Adolescent dans une lointaine ville coloniale, j’ai eu à ma portée des
traductions anciennes de Shakespeare et de Cervantès, j’ai appris à rire
dans Molière, à admirer dans Corneille, à m’étonner dans Pascal. Ma
récompense de bachelier, ce fut en 1950 un premier voyage en Italie: je
l’avais souhaité comme aurait pu le faire un garçon de mon âge, trois cents
ans plus tôt, au temps où les Musées n’existaient pas encore. Dans la ville
toute neuve où j’avais grandi, il n’y en avait pas d’autres tableaux que leurs
photographies sépia dans les pages hors-texte du dictionnaire Larousse.
Rome, Florence, Venise, Bologne, Parme, leurs palais, leurs églises, leurs
musées, leurs rues incarnèrent les images et les figures que « la clarté des
lampes » avait fait entrer dans ma mémoire. Avec le grec, le latin et le
français, j’avais décidé que l’italien était le quatrième porche de l’esprit.
Que de solitude ! Que de naïveté ! Que d’anachronisme ! Je ne m’en suis
jamais guéri.
Le XVIIe siècle européen, ses penseurs, ses écrivains, ses artistes auront
été pour moi une patrie. Si je suis devenu historien des lettres et des arts, ce
fut pour devenir citoyen de cette patrie. Mon appétence initiale et
spontanée est devenue choix, vocation, comme cela se passe, j’imagine,
pour un anthropologue, un égyptologue, un japonologue. J’admirais cette
époque labourée par la guerre, la famine, la peste (en ce sens et à un
moindre degré de brutalité, comparable à nos propres siècles) pour avoir
été le grand siècle de l’ironie. Ancré dans les ressources spirituelles de la
mémoire antique et médiévale, il a trouvé le recul et le jugement
nécessaires pour s’élever au-dessus de son propre chaos, transformant
l’expérience du mal en exercice de mesure. Son suprême chef- d’œuvre,
longuement préparé dans les coulisses de la guerre par la négociation et le
commerce des lettres et des arts, ce fut en 1648 le traité de Westphalie, qui
jusqu’en 1792 a posé la règle du jeu entre les États européens, offrant un
cadre durable à une hégémonie française qui s’est montrée, tout compte
fait, et en comparaison des volontés de puissance illimitées apparues
depuis, plus modérée qu’impérieuse.
Puisqu’il faut régler son horloge intime sur une heure, j’ai préféré celle du
XVIIe siècle à celle de ma propre époque, qui exigeait de tous côtés des
adhésions jalouses dont je me défiais et que j’ai toujours refusées.

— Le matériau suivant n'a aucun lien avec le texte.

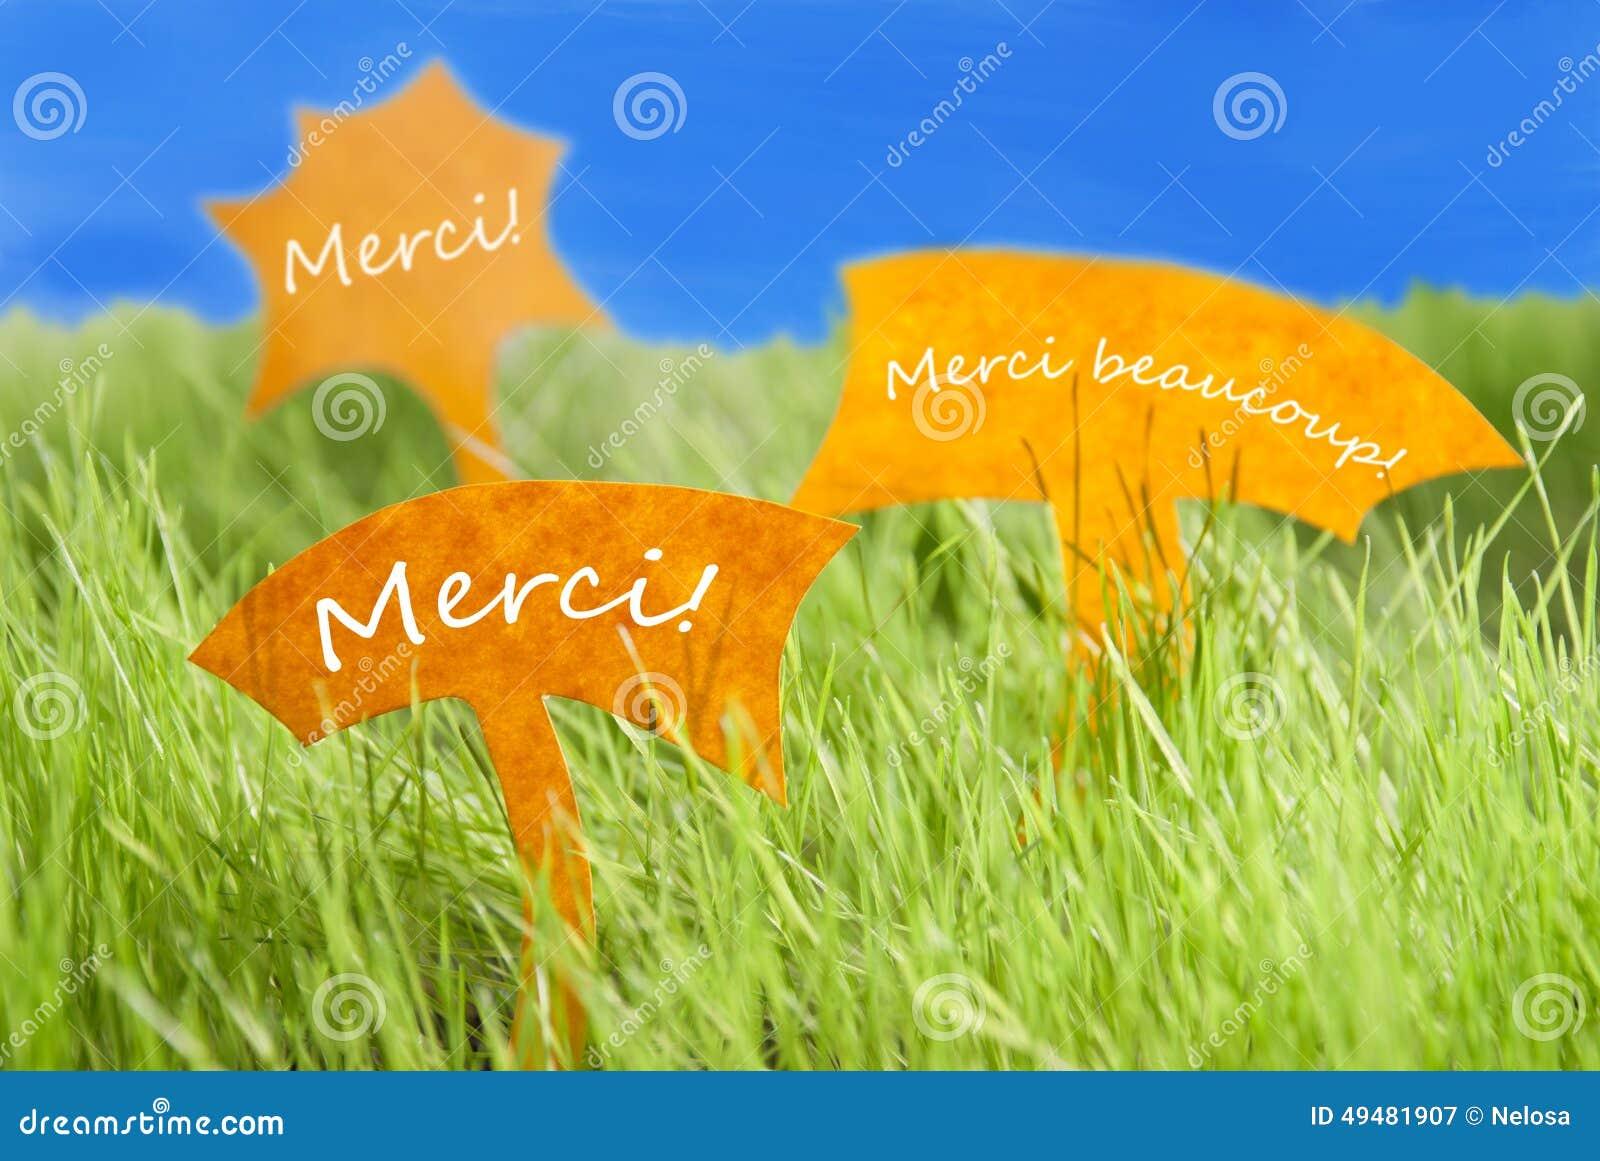 Trois labels avec le Français Merci que les moyens remercient vous et le ciel bleu

À partir
de ce port, j’étais libre de voyager vers cette Antiquité que le XVIIe siècle
ne tenait pas pour une « archive », mais pour « mère et maîtresse » de vie,
et d’étudier les progrès ultérieurs d’une modernité que ce siècle inventa,
mais dont il s’est gardé lui-même. Mon XVIIe siècle était en équilibre, à la
croisée des chemins.
Tout cela n’était pas seulement naïf, mais intuitif et vague. Il me fallait
apprendre à travailler. Il me fallait des entraîneurs. Quels étaient les
meilleurs maîtres qui, dans les années 1950-1960, s’imposaient en France
dans les hautes études du XVIIe siècle ? René Pintard accepta de diriger
ma thèse de doctorat d’État, Il était alors le maître incontesté de l’ «
histoire des idées ». Dans un grand et beau livre « Le libertinage érudit »,
publié en 1943, il avait méticuleusement établi que la « crise de la
conscience européenne » si brillamment analysée par son propre maître
Paul Hazard, remontait à la génération de Descartes, de Gassendi, de
Hobbes, bien au-delà de la fin du règne de Louis XIV où Hazard l’avait
située. Voltaire avait raison, qui écrivait: « Nous avons eu des ancêtres au
XVIIe siècle ».
Fidèle à mon intention initiale: lire les pièces de Corneille dans leurs
propres termes, je n’ai rien négligé de ce qui pouvait me faire comprendre
ce qu’entendait Mme de Sévigné quand elle parlait à sa fille de ces «
tirades qui font frissonner ». J’ai lu la plupart des mémorialistes qui ont
écrit sous Henri IV, Louis XIII et Louis XIV (mes premières publications
ont été consacrées à deux d’entre eux, Henri de Campion et Mme de
Motteville): ils font entrer dans le vif d’une époque qu’émoussent les
reconstructions partielles ou les généralisations rétrospectives des
historiens. Je me suis parallèlement rendu maître de cette littérature néo-
latine, française et italienne, que la fascination des universitaires pour les
grands auteurs fait d’ordinaire négliger. Je dus constater à quel point, liée
étroitement aux débats religieux, politiques et moraux de l’époque, la
référence rhétorique, à peu près négligée par les analystes modernes, y
jouait un rôle déterminant, même et peut-être surtout lorsque les auteurs,
par scrupule religieux envers les luxes de la parole, par dédain
philosophique envers la sophistique ou par désinvolture aristocratique
envers le pédantisme scolaire, prétendaient s’en affranchir. Je refis mon
éducation.
Cette présence diffuse et insistante de la rhétorique antique, ravivée encore
à l’école par l’humanisme de la Renaissance, m’apparut alors d’autant plus
vivante qu’elle n’allait pas du tout de soi. La réalité monarchique des
régimes « modernes » rendait en effet impossible (ou déplacée et
dangereuse) l’éclat public de l’éloquence politique et judiciaire, et elle
l’obligeait à se circonscrire dans les exercices d’imitation scolaire; elle
encourageait par contraste l’omniprésence du genre « flatteur » et « fleuri »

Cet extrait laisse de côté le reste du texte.